Магда быстро прижала голову сына к груди, стала гладить мокрое пылающее лицо.
– Успокойся, сыночек. Я сейчас… я свежий болотник заварила. Сейчас принесу. Посиди.
Запах болотного корня, доносившийся из кухни, усилился, когда она внесла в комнату исходящую паром кружку. Грош хотел взять – и не смог, пальцы тряслись, как сумасшедшие. Мать сама поднесла горячий напиток к его губам, он глотнул, тепло разлилось в груди, и он почти сразу почувствовал, что дрожь немного унялась.
Магда осторожно обняла тощие плечи сына, притянула к себе и стала баюкать, раскачиваясь вместе с ним.
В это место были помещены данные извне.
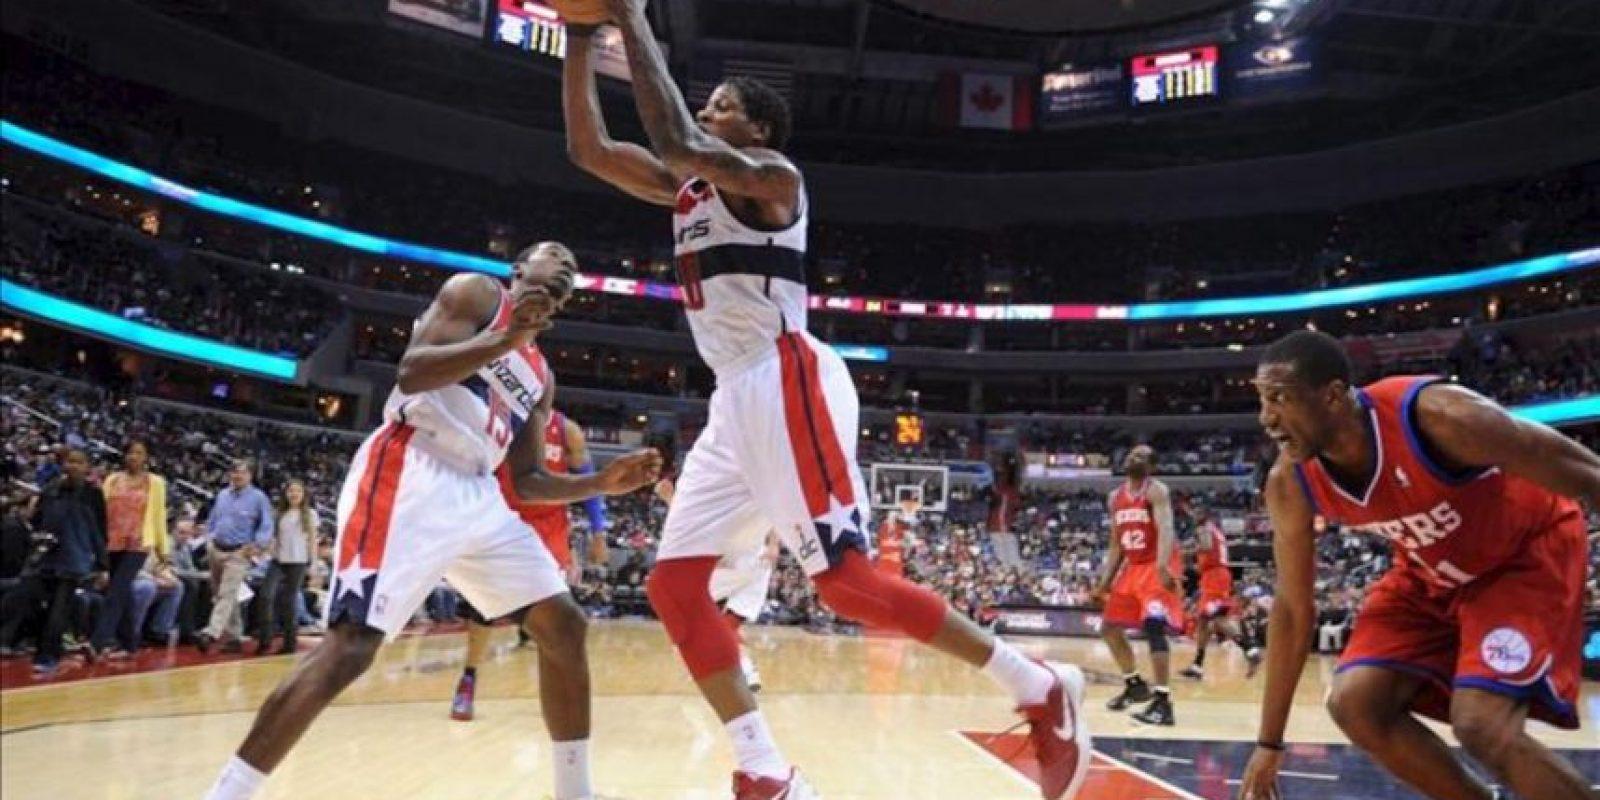 El jugador de Wizards Cartier Martin (c) alcanza un rebote ante la marca de Jrue Holiday (d), de Sixers, durante un partido por la NBA en el Verizon Center de Washington (DC, EE.UU.). EFE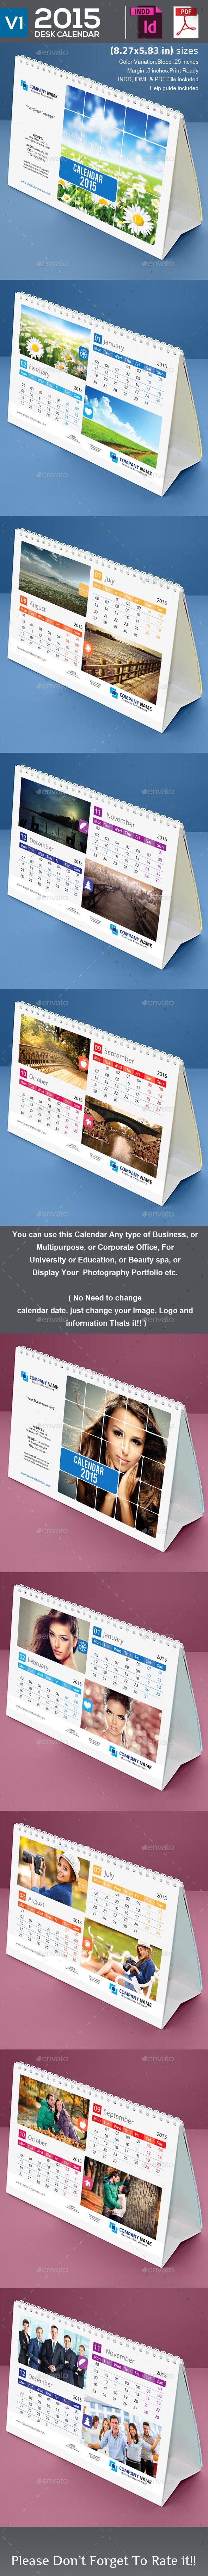 GraphicRiver 2015 Desk Calendar V1 9237357

– Я пыталась, – шептала она ему в макушку. – Я тоже хотела, как она… когда ты первый раз… Но ты был такой маленький. Такой родной. И тебе было очень больно. Как я могла?.. Я не могла. А потом – ты помнишь? – когда ты рос, становился старше… Я все время пыталась научиться обижать тебя. Придираться по мелочам. Разговаривать с тобой, как с чужим. Но ты был такой хороший, послушный мальчик. Тебя совершенно не за что было ругать и наказывать. И эти приступы раз в полгода… Я не могла оставить тебя мучиться одного. Понимаешь?.. Прости меня, сыночек. Я оказалась слабой и глупой. Сейчас тебе было бы легче, если бы я… если бы ты…
– Мама, замолчи, –он едва шевелил губами, болотник действовал безотказно. – Я не хочу это слышать.
Она покорно замолчала, слизывая слезы, непрерывно текущие по щекам, и продолжая баюкать его, как маленького.
– Как я устал, – сказал он уже невнятно. – Мама, как я устал…
– Поспи, – прошептала Магда еле слышно. – Поспи пока… еще не время.